A human whole-blood model to study the activation of innate immunity system triggered by nanoparticles as a demonstrator for toxicity
Published in Science and Technology of Advanced Materials, 2019
Kristina N Ekdahl, Karin Fromell, Camilla Mohlin, Yuji Teramura, Bo Nilsson
The primary function of the complement system is to act as a purging system that removes agents that do not belong in the body such as pathogens, antigen-antibody complexes, and apoptotic cells. It consists of ≈50 proteins that are soluble in blood plasma or expressed on cells where they act as receptors and regulators that protect autologous tissue against complement attacks. Schematically, the system is divided into three activation pathways known as the classical, the alternative, and the lectin pathway. Each pathway is activated by proteins which recognize structures (often carbohydrates) expressed on pathogens, apoptotic or ischemic cells, but not on healthy autologous cells.

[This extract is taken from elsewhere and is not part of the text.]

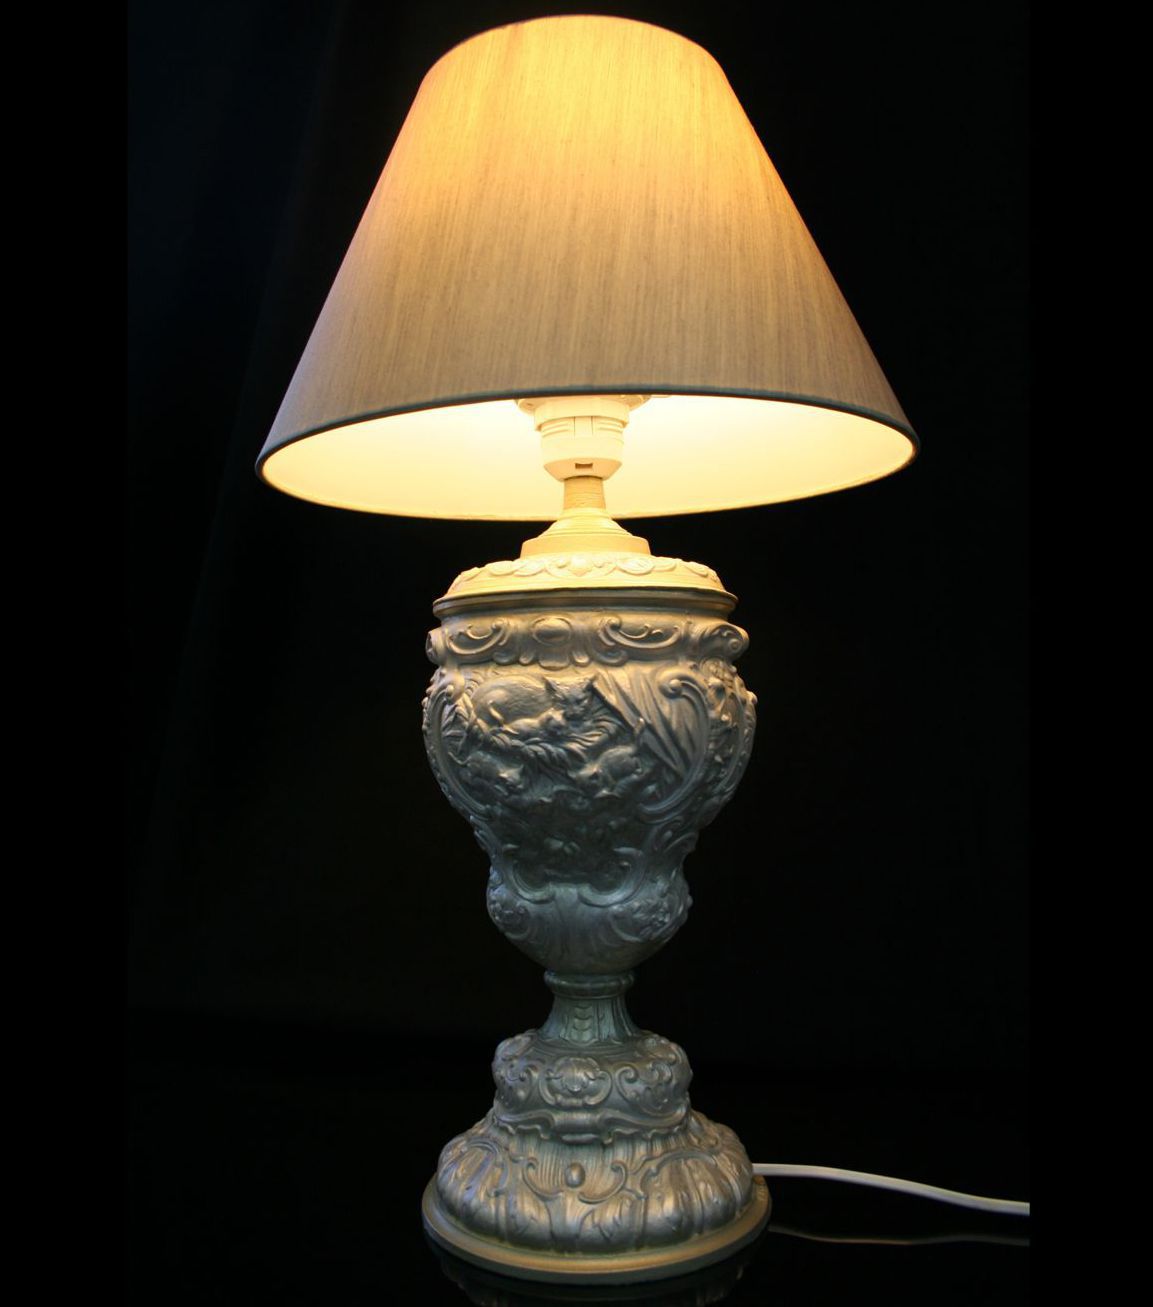 спальню абажуром работа работы ручной эксклюзив авторский светильник лампа дизайн абажур для ручная детскую дома новоселье подарок антиквариат

This leads to the formation of two different enzyme complexes, so-called C3 convertases, both mediating proteolytic cleavage and activation of C3, which is the central and most abundant component of the system. It is an asymmetric cleavage that gives rise to the smaller anaphylatoxin C3a and the larger fragment C3b that can bind covalently to amino acids or carbohydrates on the target particle and thereby facilitates its phagocytosis. Further activation of the complement system leads to cleavage of C5 to the anaphylatoxin C5a (even more potent than C3a), and C5b which is the basis for the formation of the multi-molecular complex C5b-9 or membrane attack complex (MAC) which can perforate the membrane on sensitive cells or pathogens thereby destroying them. C5b-9 also exists in a soluble form (sC5b-9) that can activate endothelial cells (ECs). The main function of the anaphylatoxins is to recruit and activate PMNs and monocytes and thereby prepare them to perform efficient phagocytosis.